The plain X-ray was not specific. However magnetic resonance imaging of the hip revealed changes characteristic for avascular necrosis. Conservative treatment was administrated. Two years after the onset of first meda hej shok symptoms the patient is able to walk without pain, although the range of motion of the right hip joint is partially diminished.
We evaluated the possible risk factors of AVN, diagnostic methods and prognosis. The onset of avascular necrosis should be considered as one of the relevant complications in patients with severe aplastic anaemia following immunosuppressive treatment. Clinical significance of acquired somatic mutations in aplastic anaemia. Aplastic anaemia AA is frequently associated with other disorders of clonal haemopoiesis such as paroxysmal nocturnal haemoglobinuria PNHmyelodysplastic syndrome MDS and T-large granular lymphocytosis.

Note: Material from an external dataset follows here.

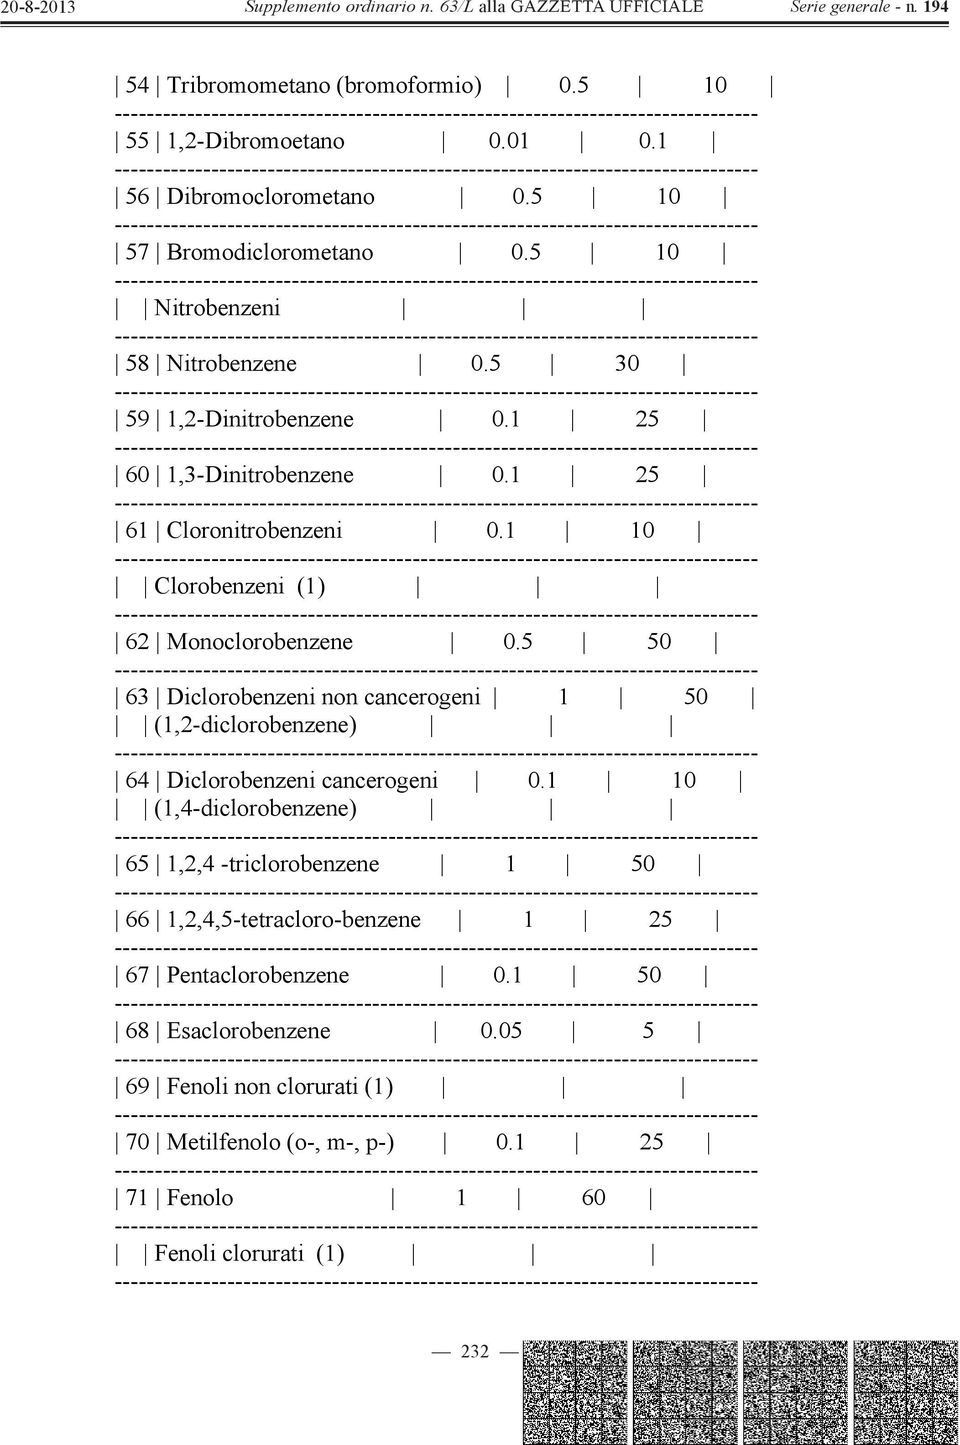 5 50 63 Diclorobenzeni non cancerogeni 1 50 (1,2-diclorobenzene) 64 Diclorobenzeni cancerogeni 0.

Certain clones may escape meda hej shok immune attack within the bone marrow environment and proliferate and attain a survival advantage over normal haemopoietic stem cells, such as trisomy 8, loss of heterozygosity of short arm of chromosome 6 and del13q clones. Further detailed and serial analysis of the immune signature in AA is needed to understand the pathogenetic basis for the presence of clones with SM in a significant proportion of patients.

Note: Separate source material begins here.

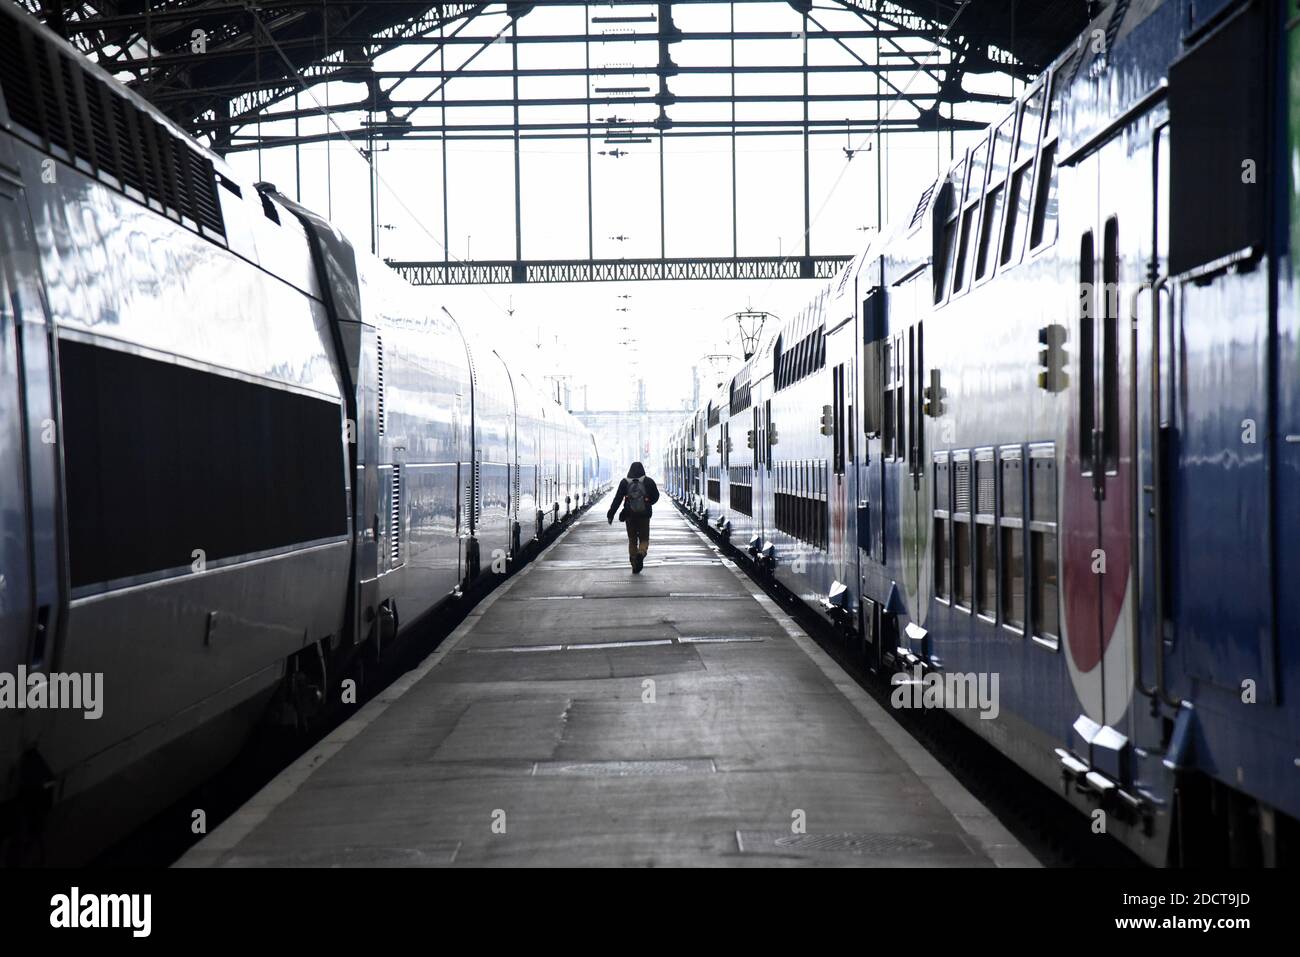 Allgemeine Ansicht des leeren TGV-Bahnhofs Gare De Lyon in Paris, Frankreich, am 9. April 2018, wo fast alle Hochgeschwindigkeitszüge wegen des Streiks abgesagt werden. Die französischen Bahnarbeiter von SNCF und RER begannen drei Monate rollende Streiks, die Teil einer Welle von Arbeitskampfmaßnahmen sind, die Präsident Emmanuel Macrons Entschlossenheit, Frankreich mit umfassenden Reformen neu zu gestalten, auf die Probe stellen wird. Der Streik wird zu Chaos für die 4.5 Millionen französischen Zugpassagiere führen, wobei zwei von fünf Tagen bis Juni 28 Stops geplant sind, es sei denn, Macron lässt sein Angebot fallen, eine Generalüberholung beim staatlichen Eisenbahnunternehmen SNCF zu erzwingen. Foto von Stockfoto

Aplastic anaemia occurring in pregnancy is a rare event with life threatening challenges for both mother and child. We present a successful fetomaternal outcome despite the challenges in the management of this rare condition in a tertiary but resource poor centre.
She had a cesarean section at 37 weeks for pre-eclampsia and oligohydraminous with good feto-maternal outcome. She was managed entirely with fresh whole blood and received 21 units. Aplastic Anaemia in Pregnancy is a rare event with poor feto maternal prognosis.